Menurut Peraturan Presiden No. 54/2020, Kementerian Pertahanan masih memiliki bagian terbesar dari anggarannya dengan Rp 122,44 triliun (US $ 7,97 miliar), meskipun mengalami pemotongan hampir Rp 10 triliun.
Namun terlepas dari fokus pada pengeluaran pertahanan, Kementerian Pertahanan belum memperoleh perangkat keras militer dari asing sejak Prabowo Subianto mengambil alih kepemimpinan Kementerian Pertahanan tahun lalu.
Menteri Pertahanan Prabowo, telah melakukan perjalanan yang luas ke luar negeri tidak lama setelah mengambil alih jabatannya pada awal masa jabatan kedua Jokowi, kemungkinan untuk mensurvei pasar global untuk senjata.

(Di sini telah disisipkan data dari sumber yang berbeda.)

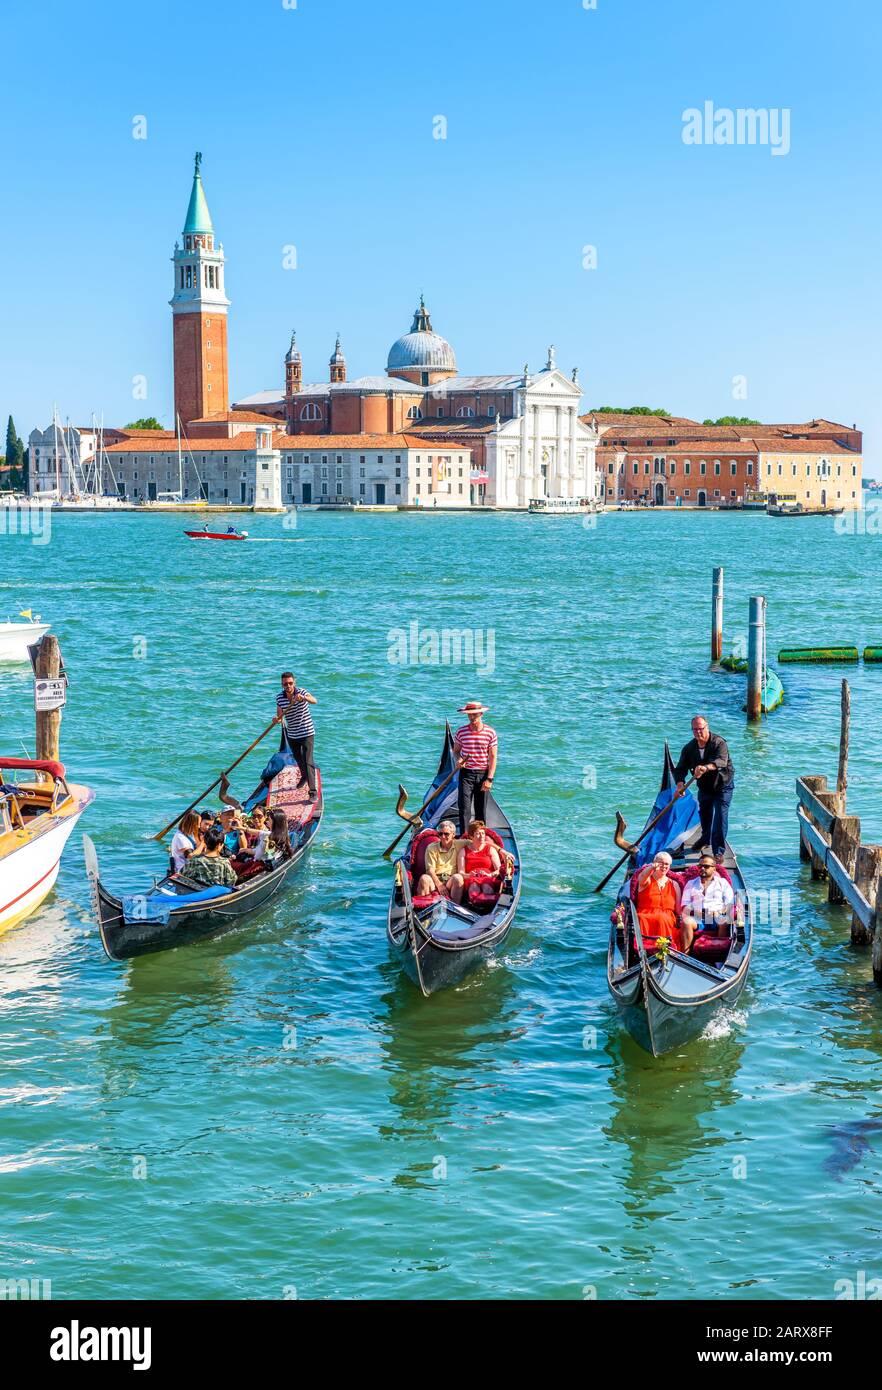 Venezia - 18 maggio 2017: Le gondole navigano contro l'isola di San Giorgio a Venezia. La gondola è il mezzo di trasporto turistico più attraente di Venezia. Conc Foto Stock

Di antara tujuannya adalah Uni Emirat Arab, Tiongkok, Rusia, Turki, Korea Selatan, dan Prancis.
Tetapi timbulnya pandemi COVID-19 telah semakin mengurangi prospek akuisisi senjata tersebut, dengan para ahli mengatakan bahwa Indonesia akan membutuhkan pinjaman luar negeri yang besar untuk mendukung sisa dari upaya modernisasi.
PT DI, yang mengkhususkan diri dalam pembuatan pesawat terbang, sedang dalam proses mengembangkan rudal (missile) untuk melengkapi peluncur folding fin aerial rocket 70 milimeter, yang telah dipasang pada jet F-16 TNI-AU, kata presiden direktur PT DI Elfien Goentoro.
Rudal sedang dikembangkan oleh konsorsium yang dipimpin oleh perusahaan tersebut dan termasuk BUMN lainnya seperti PT Len Industri, PT Pindad, PT TRESS dan pembuat bahan peledak PT Dahana.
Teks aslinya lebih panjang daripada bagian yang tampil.